Something seems wrong in your implementation

[robertour]

If I do the following

import rbo 
S = [1,2,3,4,5,6,7,8,0,9]; T = [1,2,3,4,5,6,7,8,9,0]
print(pip_rbo.RankingSimilarity(S, T).rbo(p=.9))

I get 0.6465385908999999

but with https://github.com/dlukes/rbo and (https://towardsdatascience.com/rbo-v-s-kendall-tau-to-compare-ranked-lists-of-items-8776c5182899)[https://towardsdatascience.com/rbo-v-s-kendall-tau-to-compare-ranked-lists-of-items-8776c5182899], I am getting 0.9952170310000001 and 0.995458491249349 respectively.

It might be just that your p is inverted, because

 print(rbo.RankingSimilarity(S, T).rbo(p=.1))

would be 0.9999999989. Still not quite yet, because for the value of p = .9, .995.. seems to makes more sense.

[changyaochen]

@robertour Thanks for pointing this out, I'm looking into it.

-- about an hour later -- It seems that the interpretation could be correct?

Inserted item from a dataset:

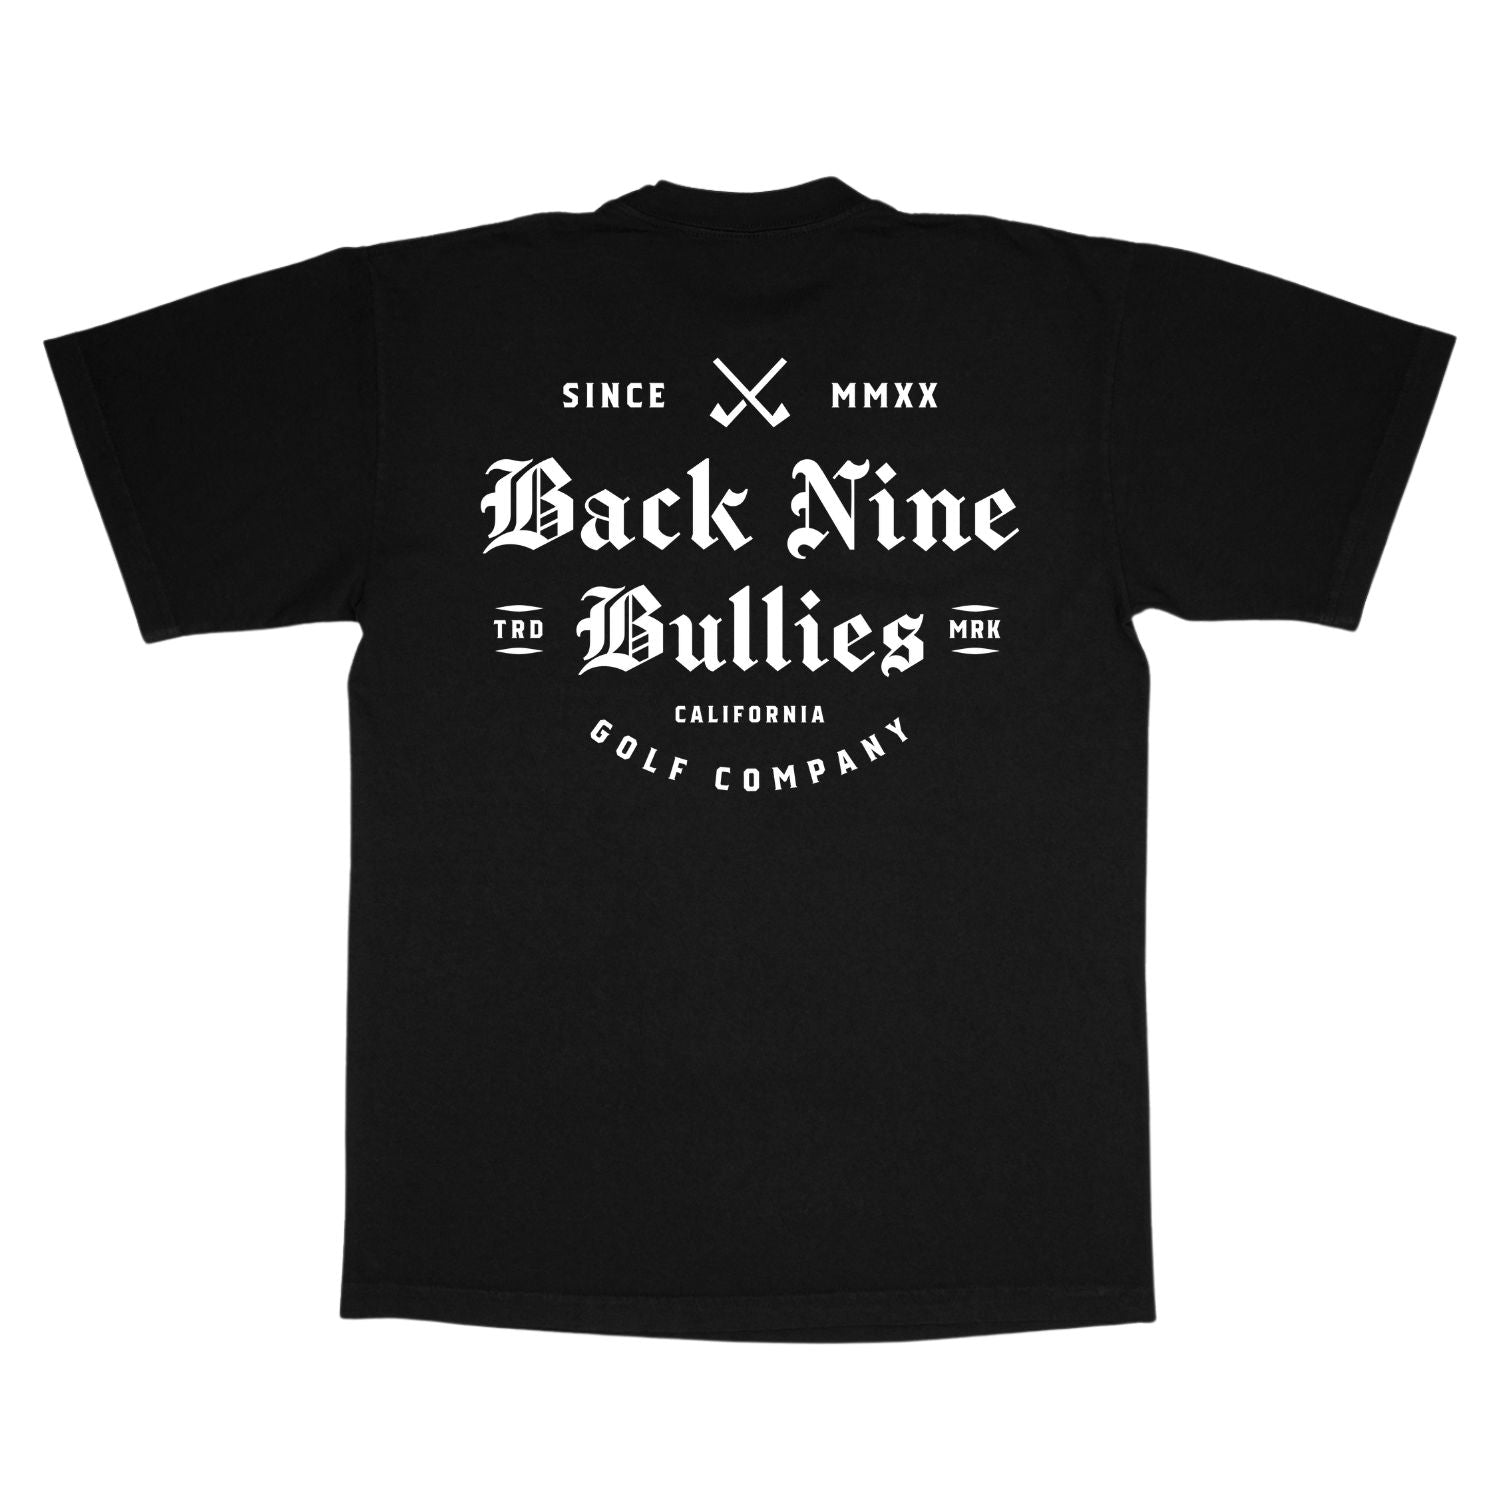 Trademark T-shirt  Back Nine Bullies Golf Co.

From the original paper, on page 15, right under equation 7, it says:

The parameter p determines how steep the decline in weights is: the smaller p, the more top-weighted the metric is.

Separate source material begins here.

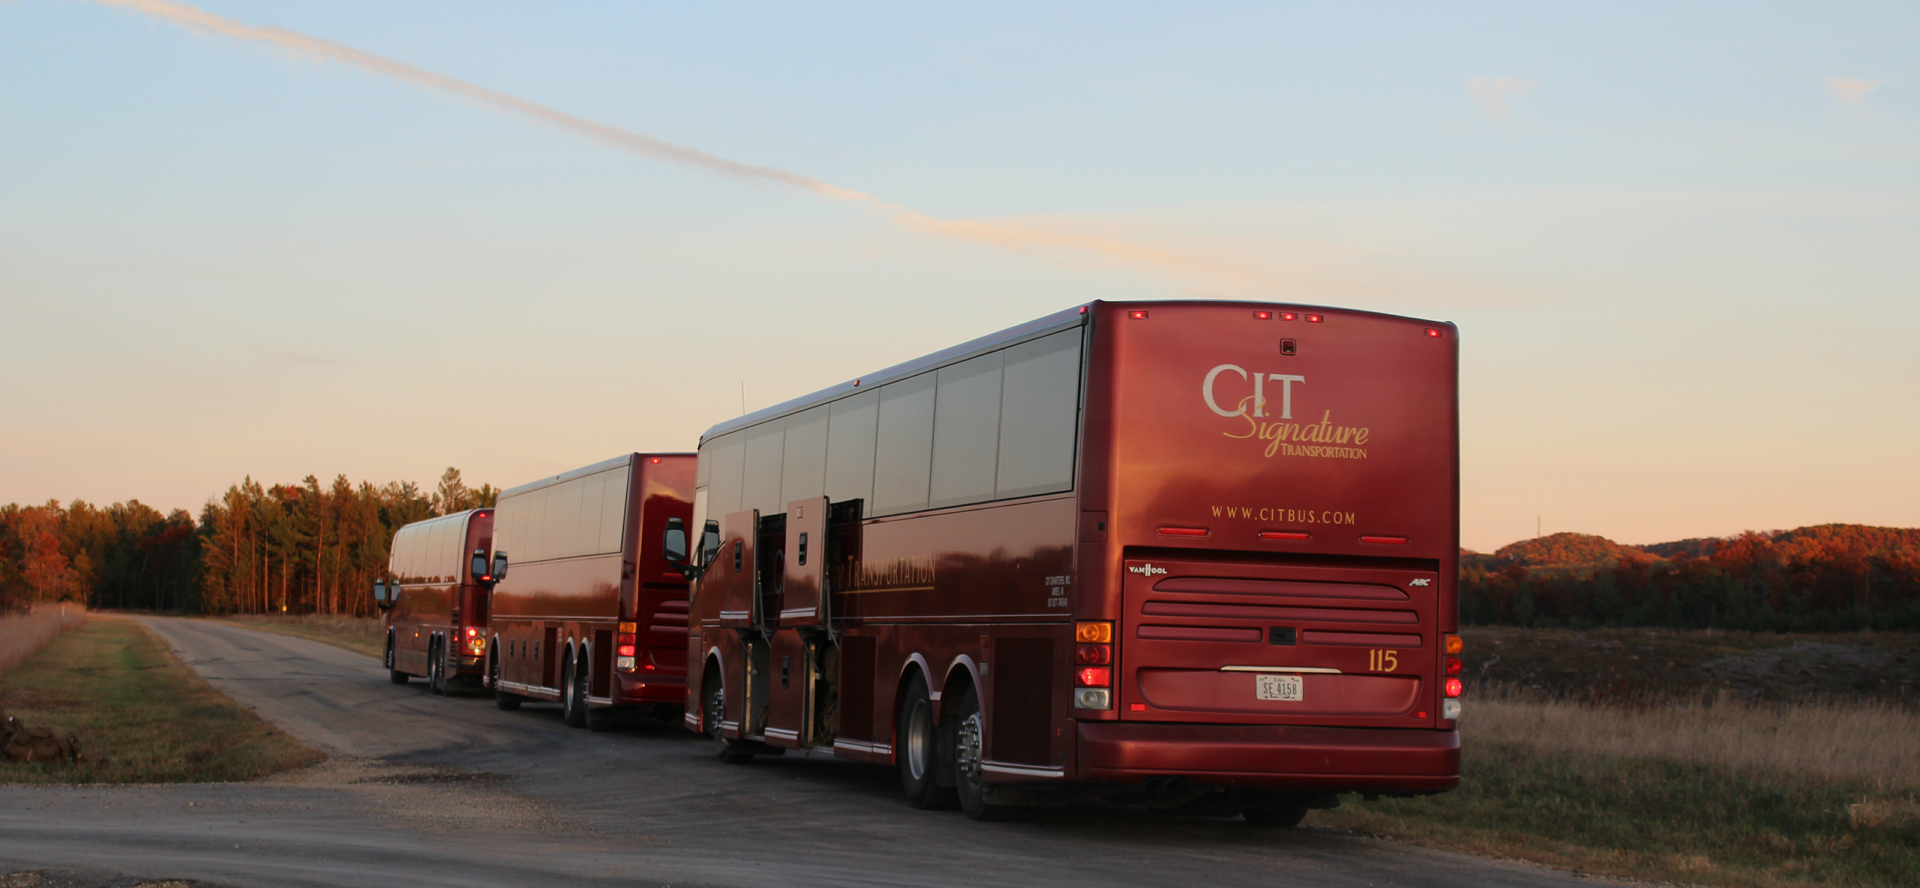 Charter Bus Rental Fleet Driving in Iowa

So, in the example you gave, with a small p such as 0.1, we do expect a rbo value close to 1, whereas with a large p such as 0.9, the paper says:

On the other hand, as p approaches arbitrarily close to 1, the weights become arbitrarily flat, and the evaluation becomes arbitrarily deep.

This might be problematic in a way, as from rbo(S, T, p=0.999) to rbo(S, T, p=1.), there might be a large jump, which might not be desired? It could be the inherit properly of this metric?